ECoG data has labeled dimensions (time, space, frequency) that are meaningful to the analysis. Raw numpy arrays lose this context — you have to track which axis is which separately. xarray solves this by attaching named dimensions and coordinates to arrays.

cogpy chose xarray over custom classes because:

It integrates with the scientific Python ecosystem (pandas, dask, zarr)
It provides serialization for free (netCDF, Zarr)
Dimension-aware operations (sel, isel, groupby) reduce indexing bugs
It avoids the maintenance burden of a custom array class

Signal schemas

All schemas are defined in cogpy.base.ECoGSchema:

Grid ECoG: `(time, AP, ML)`

The primary schema for 2D electrode grids. Used by spatial measures, CSD computation, and grid-aware preprocessing.

sig.dims  →  ("time", "AP", "ML")
sig.fs    →  1000.0  (Hz, scalar coordinate)
sig.time  →  [0.000, 0.001, 0.002, ...]  (seconds)
sig.AP    →  [0, 1, 2, ..., 15]  (grid row indices)
sig.ML    →  [0, 1, 2, ..., 15]  (grid column indices)

AP = anterior-posterior (row 0 = most posterior). ML = medial-lateral (column 0 = most medial). This convention matches the physical electrode layout.

Flat ECoG: `(time, ch)`

For channel-indexed data without grid semantics (e.g., strip electrodes, or after flattening a grid).

Multichannel: `(channel, time)`

Generic multichannel format. Note the transposed axis order compared to flat ECoG — this matches common neuroscience conventions (channels as rows).

Sampling rate

fs can be stored in two ways:

Scalar coordinate: sig.coords["fs"] — preferred
Attribute: sig.attrs["fs"] — fallback

Use cogpy.base.get_fs(sig) to retrieve it regardless of storage method, and ensure_fs(sig, fs=1000.0) to guarantee it is set.

Spectrogram schemas

Two spectrogram schemas serve different roles:

`GridWindowedSpectrum` — compute pipeline form

spec.dims  →  ("time_win", "AP", "ML", "freq")

Uppercase spatial dims match the (..., AP, ML) batch convention expected by spatial measures. Use coerce_grid_windowed_spectrum(da) to convert spectrogramx() output into this form (handles renames and transposes).

`GridSpectrogram4D` — orthoslicer/GUI form

spec.dims  →  ("ml", "ap", "time", "freq")

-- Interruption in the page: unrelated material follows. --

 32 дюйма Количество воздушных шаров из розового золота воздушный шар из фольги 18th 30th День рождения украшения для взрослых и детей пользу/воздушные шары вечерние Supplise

Lowercase spatial dims, optimized for slice-based visualization.

Flat form

spec.dims  →  ("ch", "time_win", "freq")

Normalization

normalize_spectrogram(spec, method=...) produces a whitened or dB-transformed spectrogram with the same dims:

"robust_zscore" — (x - median) / MAD along freq
"db" — 10 * log10(x)

Batch dimension convention

Compute functions in cogpy follow numpy’s broadcasting convention with typed trailing axes:

Domain	Convention	Example
Temporal measures	`(..., time)`	`kurtosis(arr)` reduces last axis
Spectral features	`(..., freq)`	`band_power(psd, freqs, band)`
Spatial measures	`(..., AP, ML)`	`moran_i(grid)` reduces last two axes

Leading ... dimensions are batch dimensions (time windows, frequency bins, channels, etc.). Functions broadcast over them automatically.

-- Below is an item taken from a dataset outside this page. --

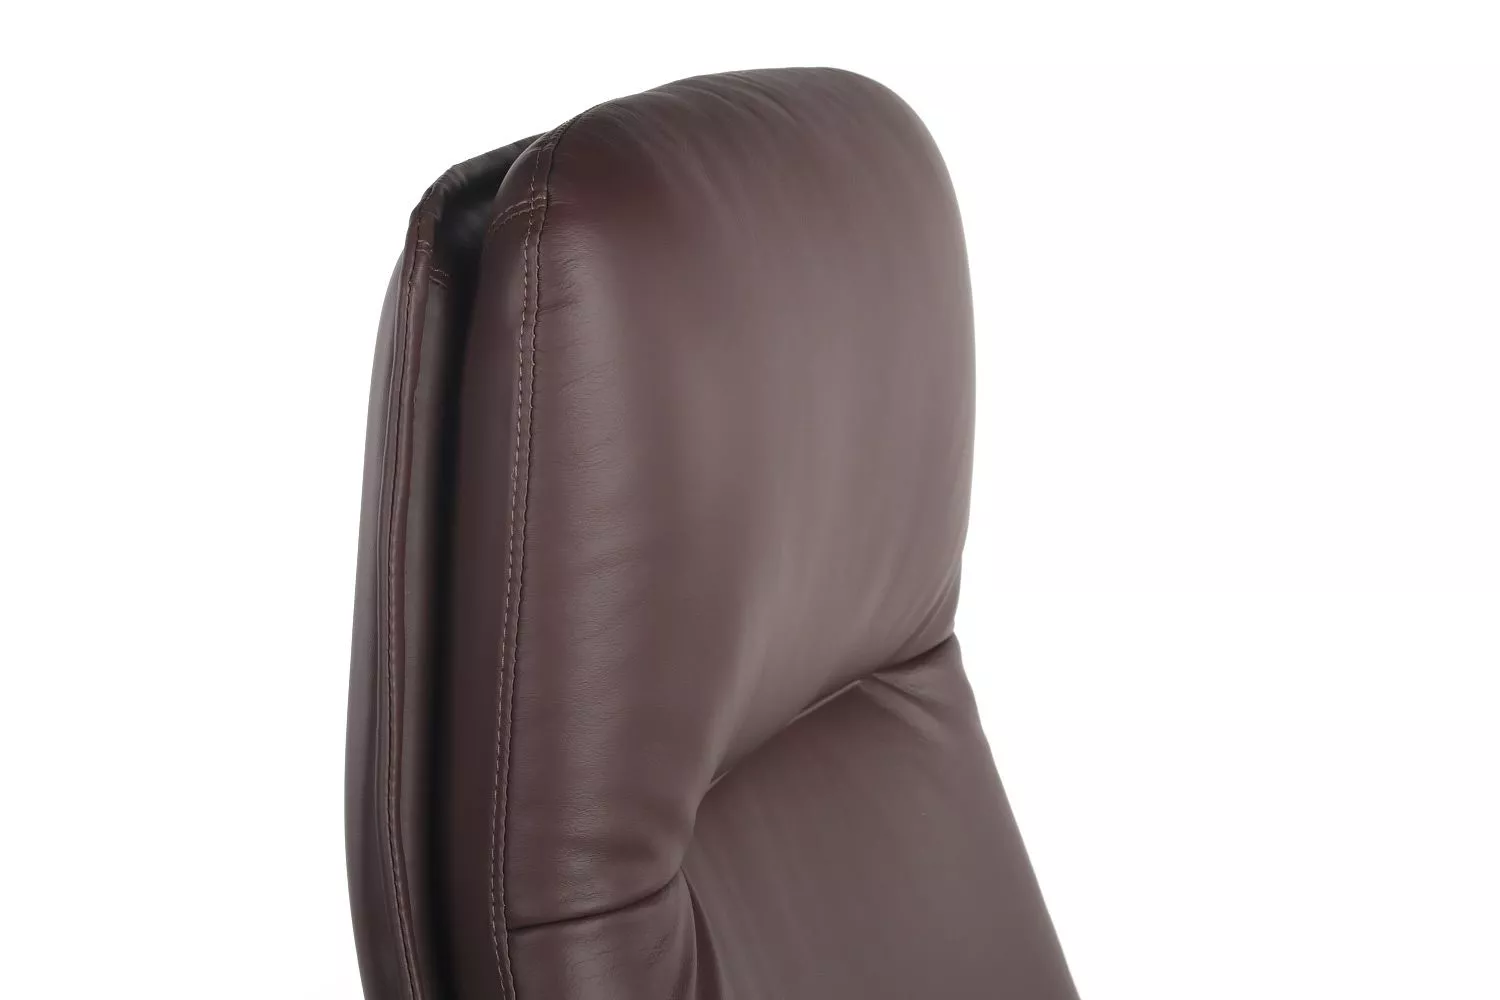 Офисное кресло из натуральной кожи RIVA DESIGN Batisto (A2018) коричневый

This design means you can apply a spatial measure to a full 4D spectrogram (time, freq, AP, ML) in one call — no loops required.

Event representations

Events are stored in EventCatalog, a thin pandas DataFrame wrapper with standardized columns:

Column	Required	Description
`event_id`	yes	Unique integer ID
`t`	yes	Event time (seconds)
`t0`, `t1`	no	Interval start/end
`duration`	no	`t1 - t0`
`freq`	no	Peak frequency (Hz)
`AP`, `ML`	no	Grid position
`channel`	no	Channel index
`label`	no	Event type label
`score`	no	Detection confidence
`detector`	no	Detector name
`pipeline`	no	Pipeline provenance

Validation boundaries

Core compute functions assume valid input — they do not coerce dimensions or check schemas. Validation happens at system boundaries:

cogpy.io — constructs valid DataArrays from raw files
cogpy.datasets.schemas — validate_*() and coerce_*() functions
cogpy.cli — argument parsing and input validation
Frontend entry points — before passing data to the backend

This keeps core functions fast and simple.